Cribl Stream Routing

The routing of data as you need it into the destination you need it to be in is one of the most important use cases Cribl Stream brings to the table. Scribl is a great use case for that exact scenario. You will likely have indexes you wish to export which contain multiple sourcetypes. The Splunk sourcetype assignment is contained in every event that Cribl Stream processes. You can filter, optimize, route, etc each of those sourcetypes however you choose. We used Splunk's Boss of the SOC dataset for testing largely because it is real-world security data ingested during a live campaign and it contains a very diverse collection of data (souretypes) to best flush out unexpected bugs (multiline events, gigantic events, etc). The github repo details over 100 sourcetypes available in the BOTSv3 dataset.

On No! My Splunk license expired!

Worry not, my friend. When the enterprise license expires, Splunk customers are free to use the 60-day trial or even the free version of Splunk to perform the export. Sanity check my claim here: https://docs.splunk.com/Documentation/Splunk/9.0.0/Admin/MoreaboutSplunkFree.

We don't care about indexing new data and we don't care about distributed search since we will use the trial/free Splunk binary in a standalone manner on each of the indexers that have data we need to migrate.

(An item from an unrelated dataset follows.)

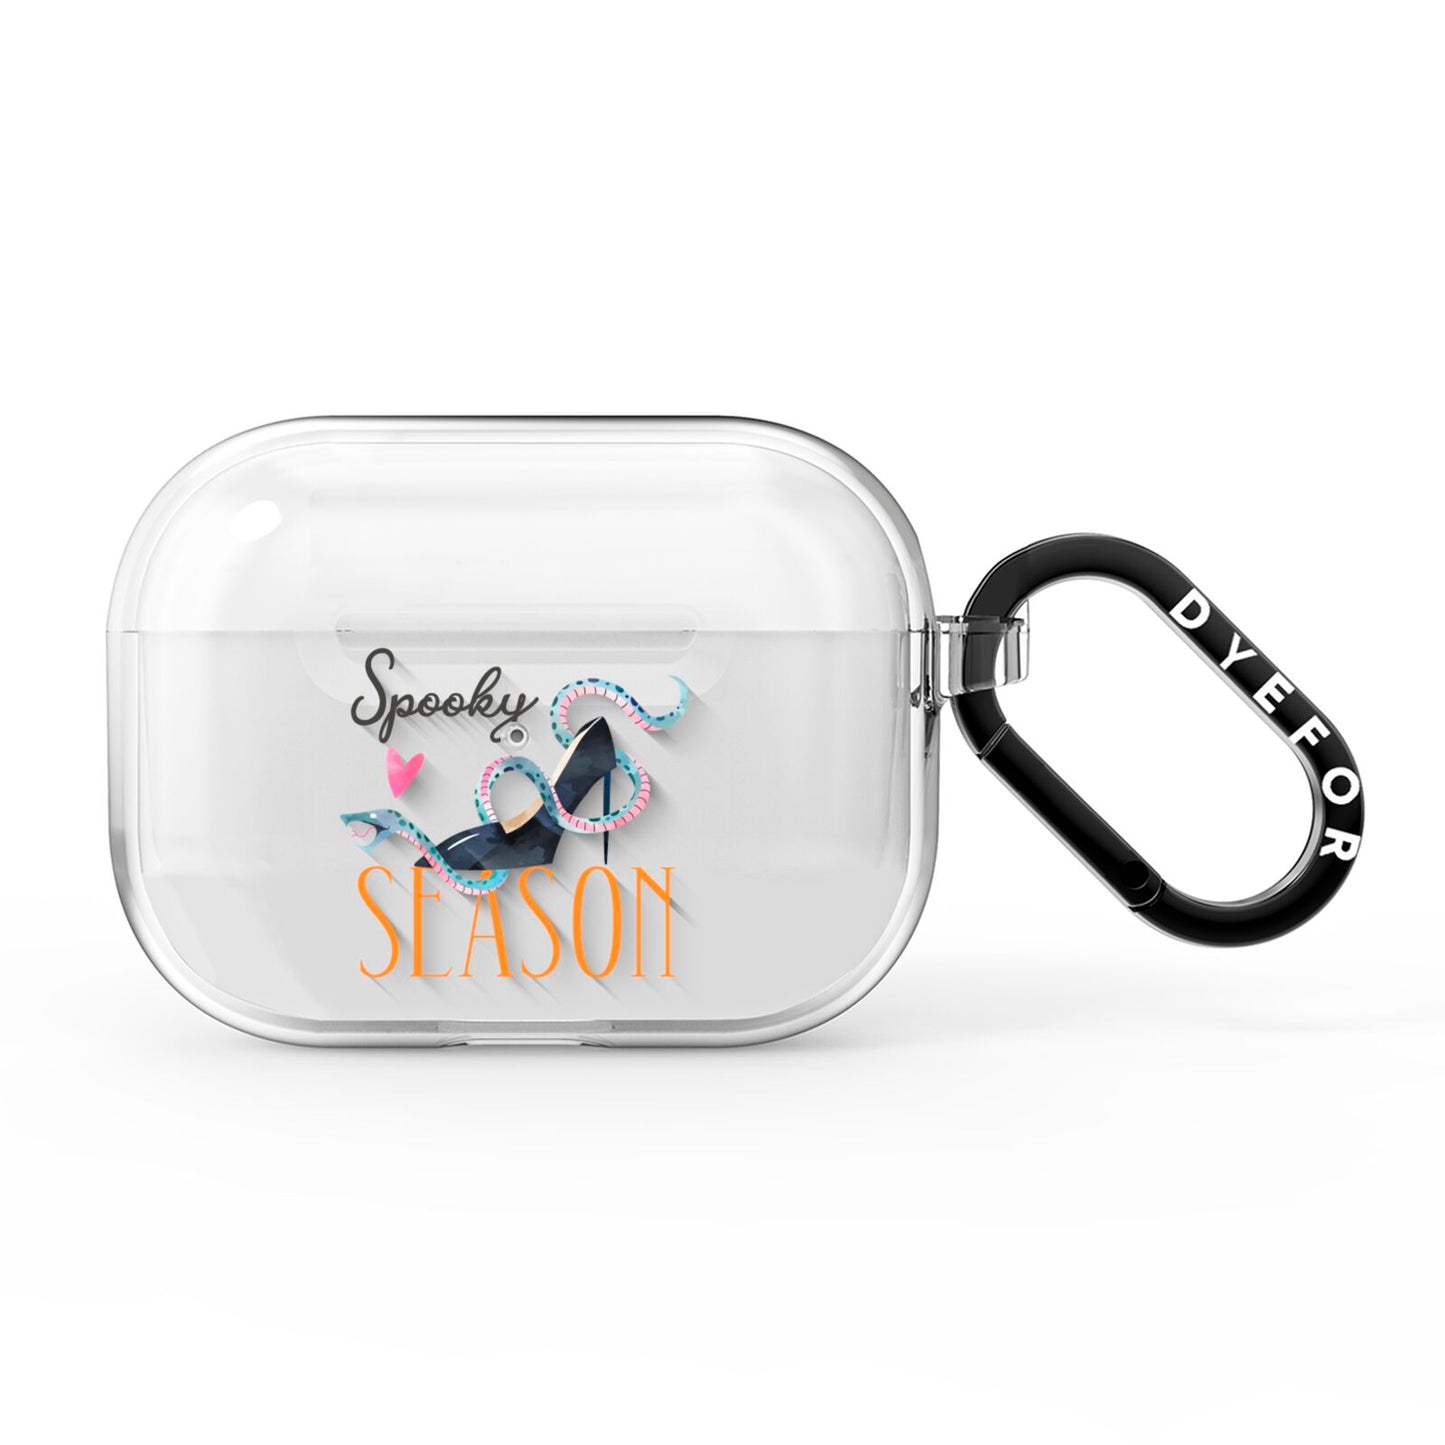 Fun Halloween Catchphrases and Watercolour Illustrations AirPods Pro Clear Case
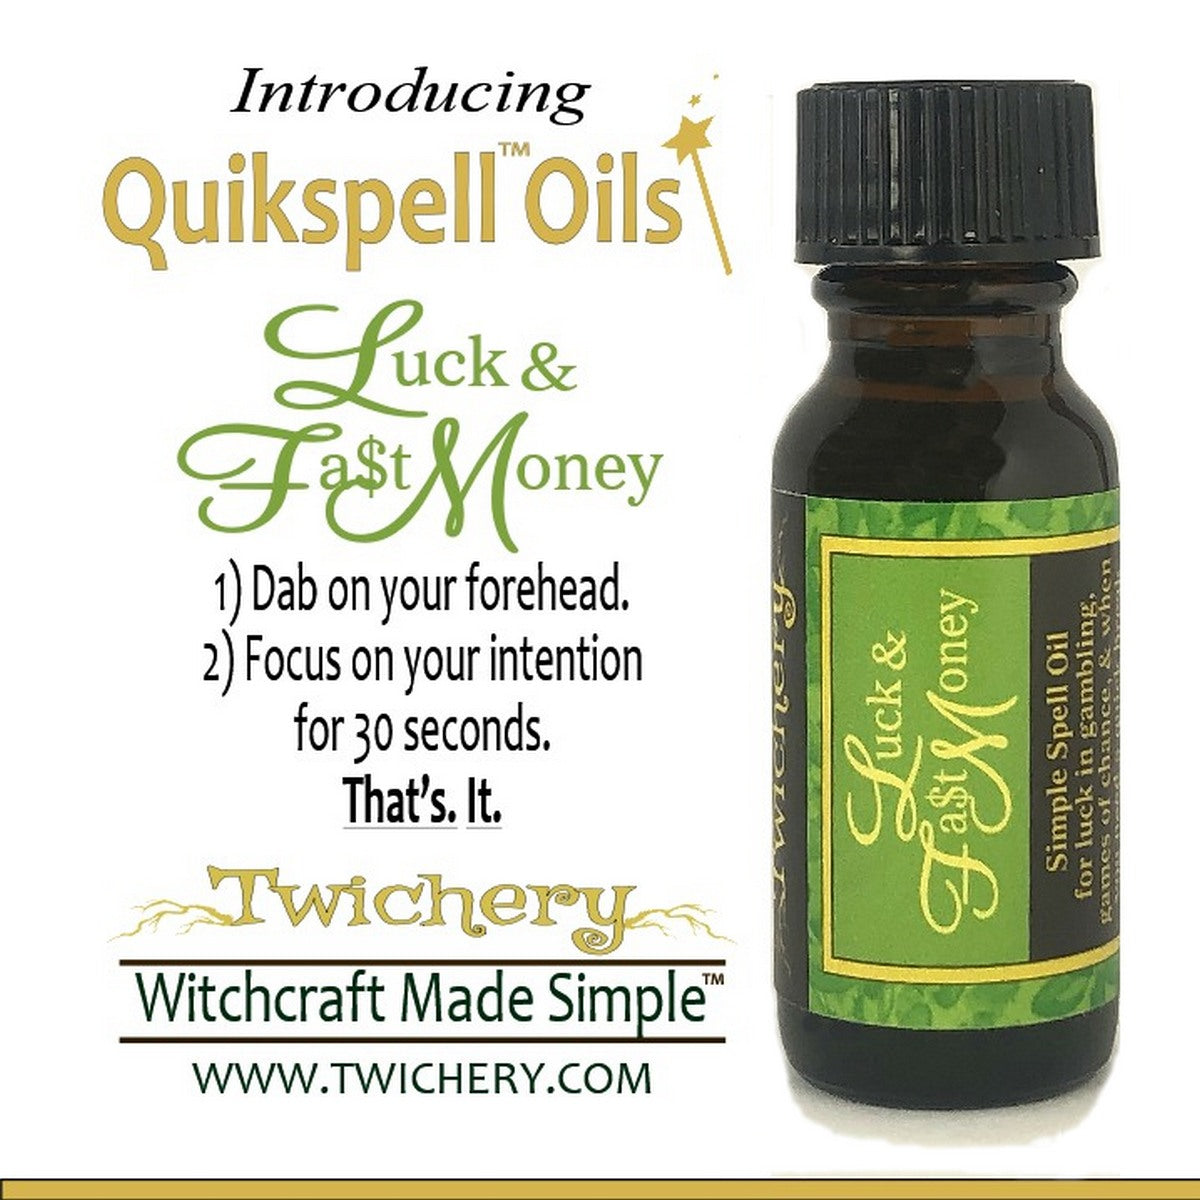 Twichery Luck & Fast Money Quikspell Oil is your superquick all-purpose mojo booster, hoodoo, voodoo, wicca, pagan, Witchcraft Made Simple

Just install trial/free Splunk on top of or alongside the existing install and point scribl.py at your splunk binary and the directory containing the buckets you need to export.

Cribl Stream Config

You can get started instantly with Cribl Cloud or even using the Cribl Free license option but keep in mind daily ingest limits (very generous) and # of cores (also very generous at 10) that can be used may factor into a full scale data export. If you choose to install Cribl Stream on-prem on in your own cloud, the documentation is your friend and will get you going quickly.

Once you have satisfied the above requirements (CLI, nc, and firewall) on your Splunk indexers, grab the scribl.py script from the github repo and copy it over to each indexer. The only thing in the script that is hard coded is the default install location of Splunk (/opt/splunk) which you can easily modify if you are running a non-default config. Keep in mind that we are running the script directly on the Splunk indexers and a python binary is kept under $SPLUNK_HOME/bin.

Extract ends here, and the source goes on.